In treatments having PBSC support, the time interval between the radioactive dose injection and PBSC infusion is an important parameter for optimal patient management. Although PBSCs can be injured by continuous irradiation from exposure to irradiation from radioimmunotherapy if they are transfused too early, patients can also develop serious complications from low levels of neutrophils or platelets if PBSCs are transfused too late. Previously, the time interval for PBSC infusion was determined by a calculation method based on blood radioactive concentration (5). The blood activity concentration threshold was determined from an in vitro study in which rates of PBSC survival were measured at various radioactivity concentrations. However, our initial clinical results on hematopoietic reconstitution after 90Y radioimmunotherapy were unsatisfactory when the PBSC infusion time was determined by 90Y concentrations in the blood. Recovery of blood counts was delayed even when 90Y concentration in the blood was well below the activity concentration threshold determined in vitro.
Radioactivity concentration in the liver, spleen, and kidneys can be much higher than that in the blood, so that PBSCs can be damaged during their circulation through these organs. PBSCs can be further damaged after homing (a process in which PBSCs migrate form peripheral blood to bone marrow) if marrow or bone has radioactive uptake. Therefore, the radiation dose from radioactivity in the blood is only one part of the total radiation dose to PBSCs. To address the issues described here, we propose a new, noninvasive method for planning PBSC infusion time based on imaging and radiation dosimetry. The proposed method considers (a) time-varying radiation dose rate to PBSCs from radioactivity in the blood and other source organs, (b) time-varying PBSC distribution in the body during the homing, and (c) radiation dose to PBSCs from radioactivity in bone and marrow after PBSC homing.
MATERIALS AND METHODS
Radiopharmaceuticals
Monoclonal antibody 170H.82 (m170) is a murine monoclonal IgG1 antibody that is reactive with the synthetic Thomsen–Friedenreich antigen family. It was obtained from Biomira. m170 was 95% monomeric IgG by polyacrylamide gel electrophoresis and met U.S. Food and Drug Administration guidelines for administration to patients. m170 binds to a variety of human adenocarcinomas, including breast cancer (12,13). m170 was radiolabeled with 90Y or 111In via DOTA-2IT-BAD (2-iminothiolane-2-[p-(bromoacetamido)benzyl]-1,4,7,10-tetraazacylododecane-N,N′-N″N‴-tetraacetic acid).
Patients
Five patients with previously treated metastatic breast cancer were enrolled in this study. These patients had failed at least one combined chemotherapy regimen and had measurable tumors that were reactive to m170 by immunoperoxidase staining. All patients who participated in the study signed written informed consents for the protocol that was approved by the University of California, Davis, Institutional Review Board for studies involving human subjects and the Radiation Use Committees, under a physician-sponsored Investigational New Drug authorization from the U.S. Food and Drug Administration (FDA). As required by the FDA, treatment was initiated until imaging studies were completed for the first 3 patients. Therefore, 2 of first 3 patients were not treated. All patients received 111In-2IT-BAD-m170 for imaging and 3 received high-dose 90Y-2IT-BAD-m170 followed by PBSC infusion. The protocol planned for 3-cycle fractionated treatments; only 1 fraction was given to each of 3 patients (2.0, 2.3, and 1.4 GBq) due to progressive disease, human anti–monoclonal antibody (HAMA), and patient decision due to lack of an objective response (disease was stable) (13). All patients had normal complete blood counts before 90Y-2IT-BAD-m170 therapy and had Karnofsky performance scores of ≥70%. Patients were 41–50 y old.

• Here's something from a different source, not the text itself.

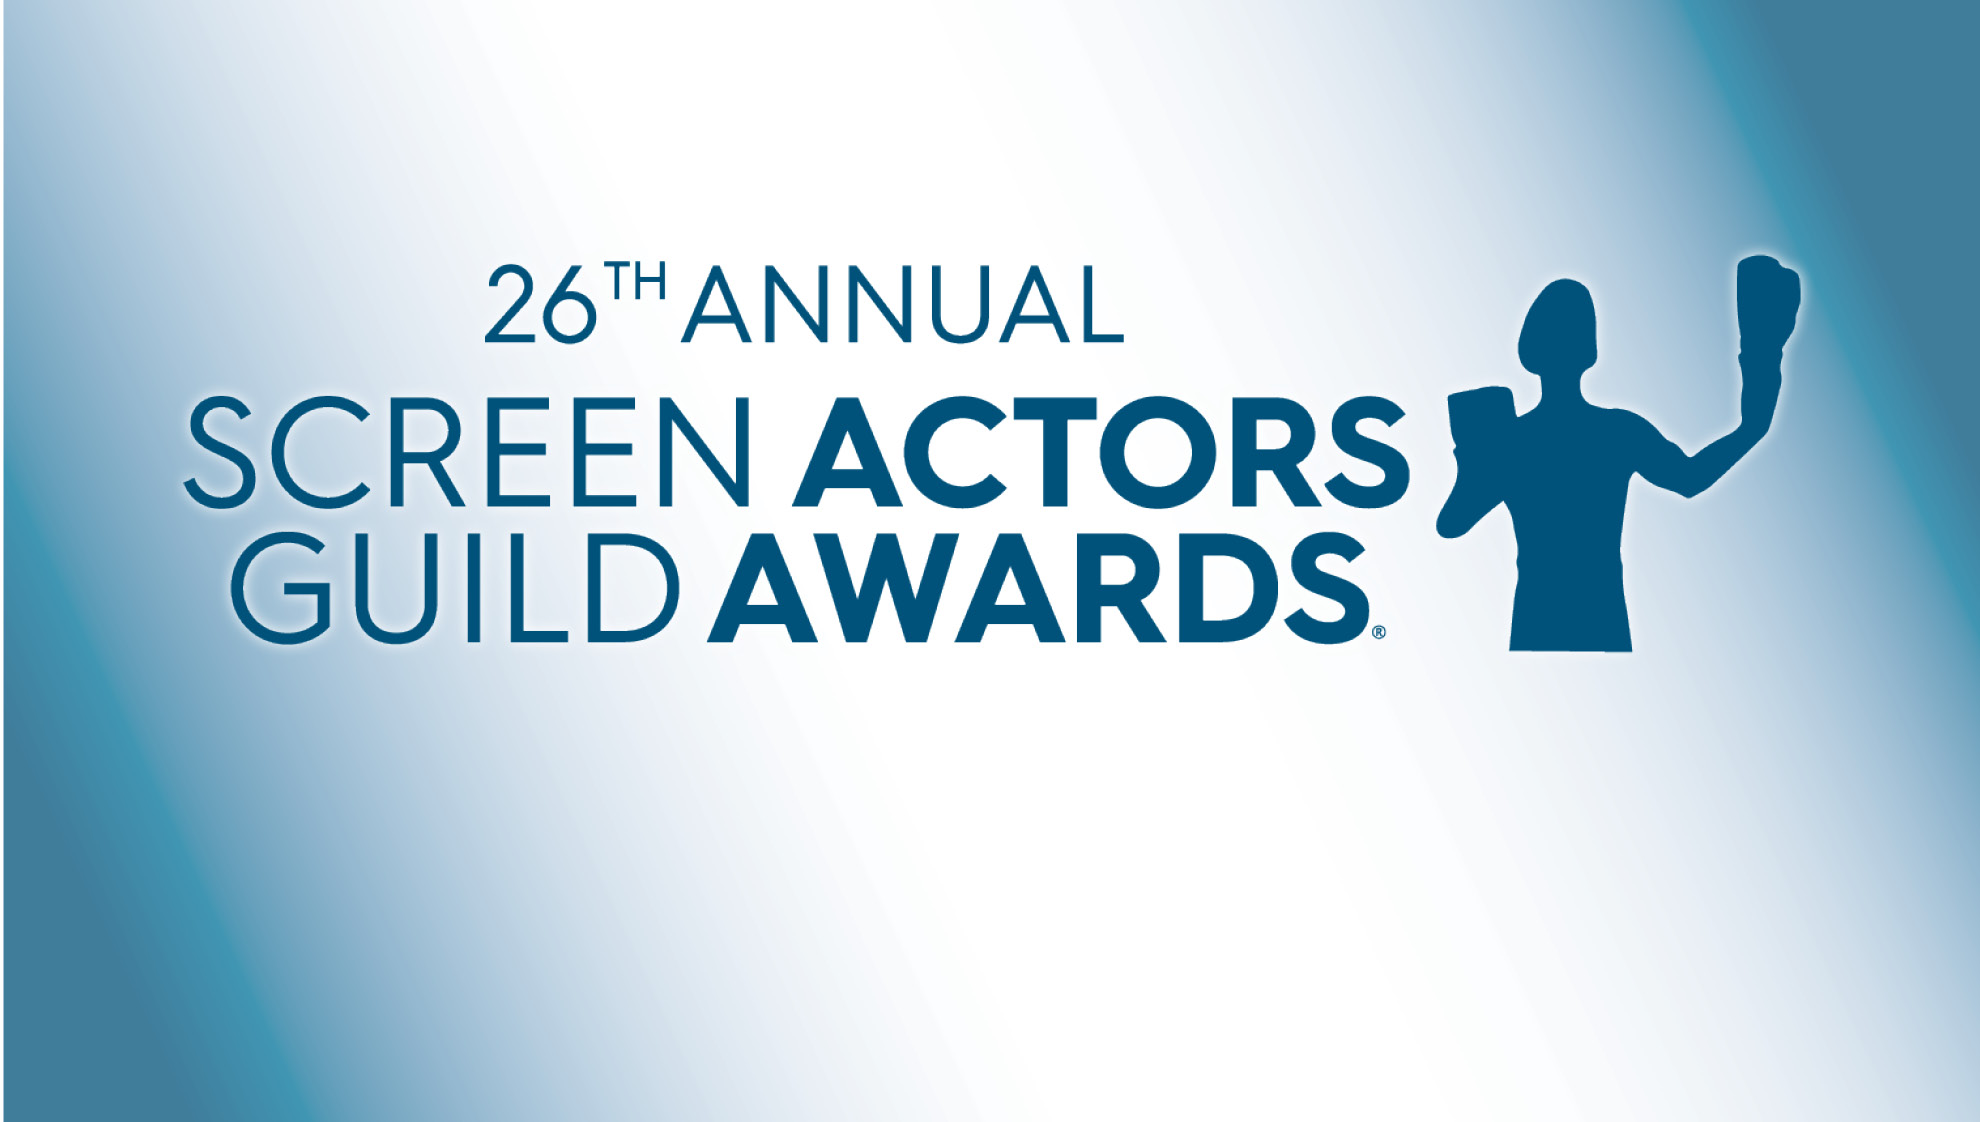 The Nominees For The 26th Annual Screen Actors Guild Awards

PBSC Mobilization and Collection
Patients received granulocyte colony-stimulating factor at 10 μg/kg/d subcutaneously. On the fifth day, PBSCs were harvested by apheresis as described previously (5,7). The goal was to collect a total of 6 × 105 granulocyte–macrophage colony-forming units (GM-CFUs) and 6 × 106 CD34+ cells per kilogram of patient weight to support the 3 planned therapy cycles. PBSCs were harvested using a Cobe Spectra system (Cobe BCT). Aliquots of at least 1 apheresis per patient were evaluated for tumor cells by a sensitive immunoperoxidase assay that can detect approximately 1 tumor cell in 1 million cells (BIS Laboratories). Cells were cryopreserved and stored in liquid nitrogen. At least 2 × 106 CD34+ cells per kilogram were transfused to patients after 90Y-2IT-BAD-m170 therapy.

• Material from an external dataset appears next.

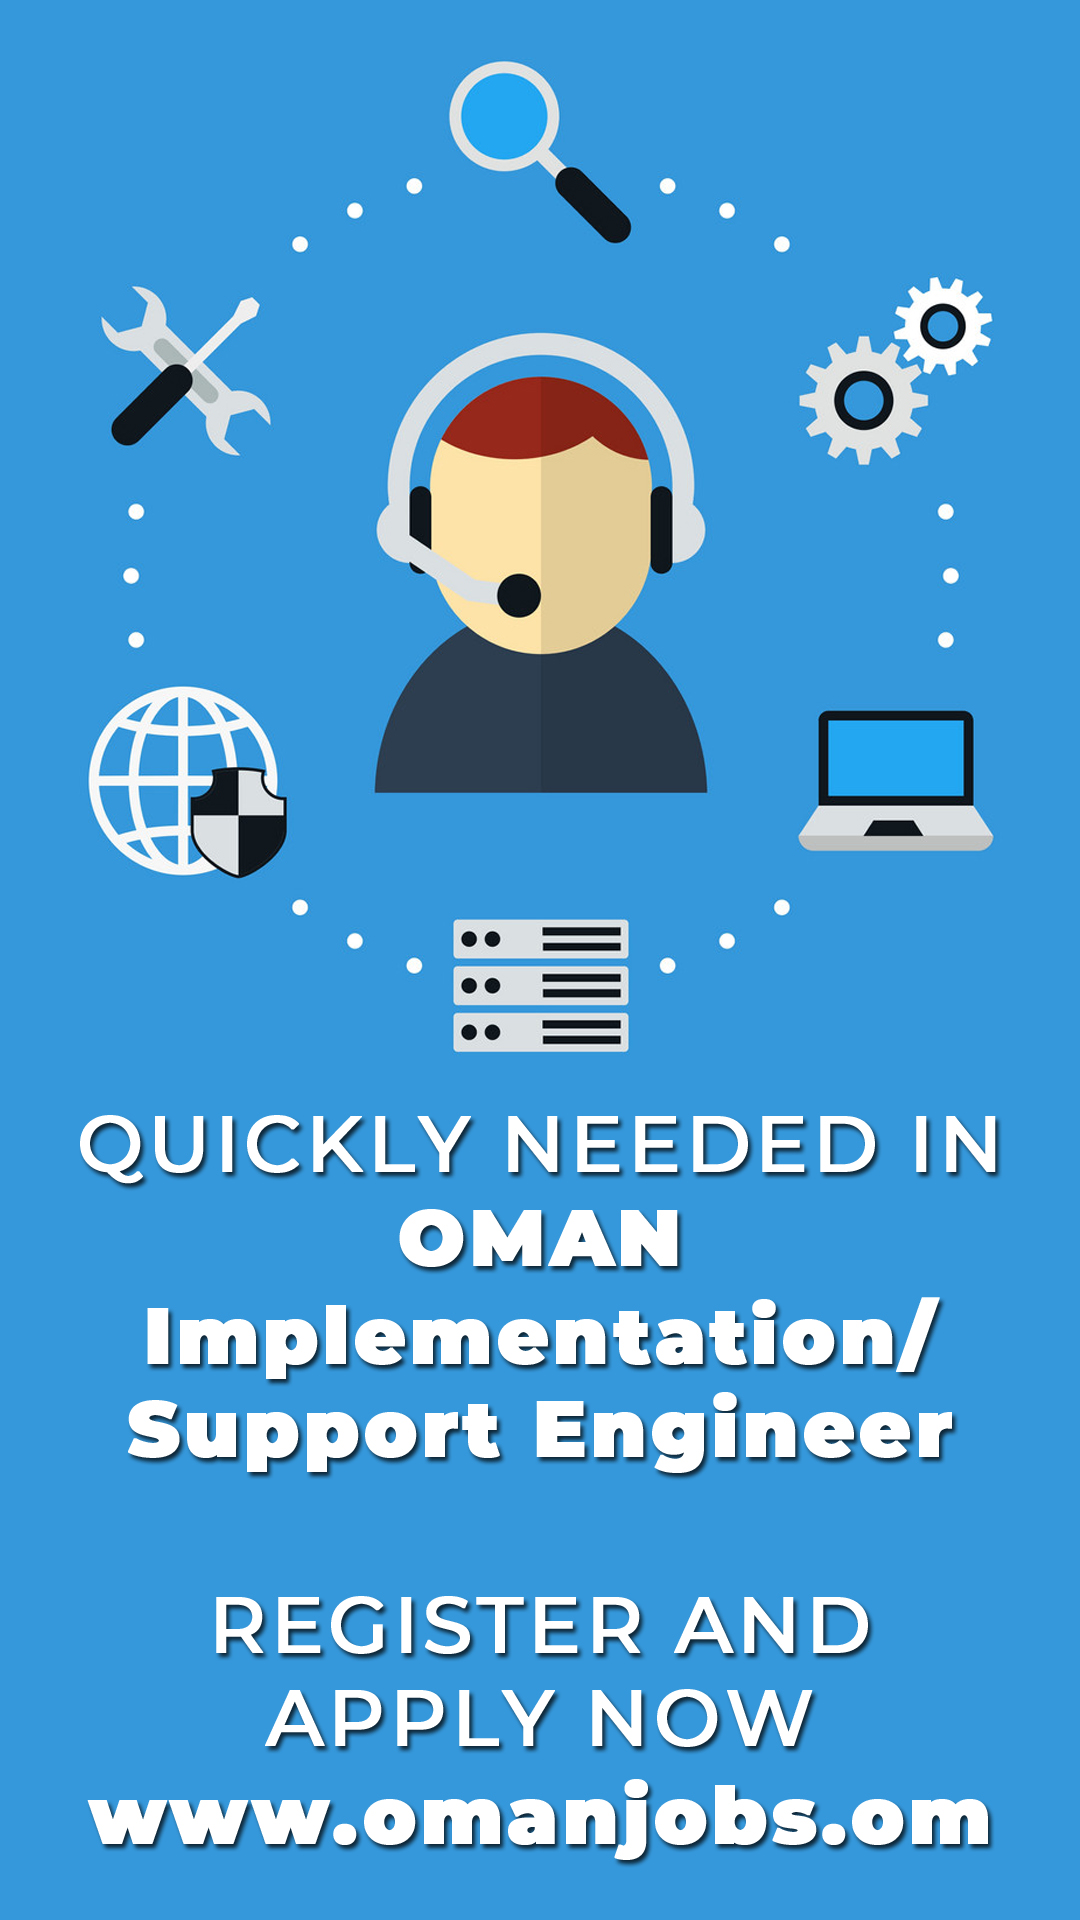 Hiring Implementation/ Support Engineer

PBSC Survival with 90Y In Vitro Cell Cultures
The effect of 90Y concentration on PBSC survival rate was evaluated by sequential counting of GM-CFUs from PBSCs in vitro. Whereas GM-CFUs represent committed progenitor cells and not primitive multipotential precursors, this cell population contributes predominantly to early engraftment. Five cell cultures were prepared with culture trays having 90Y concentration levels of 0.0, 0.37, 3.7, 37, and 370 kBq/mL. Each culture tray had 4 wells with identical 90Y concentration. All 20 wells (in 5 trays) were inoculated with the same initial number of cells from a PBSC collection. The volume of 90Y solution in each well (5-mm height, 16-mm diameter) was 0.5 mL. The trays were placed in an incubator at 37°C with 100% humidity for 15 d to allow for colony formation. The number of GM-CFUs was counted using an inverted microscope as described previously (7).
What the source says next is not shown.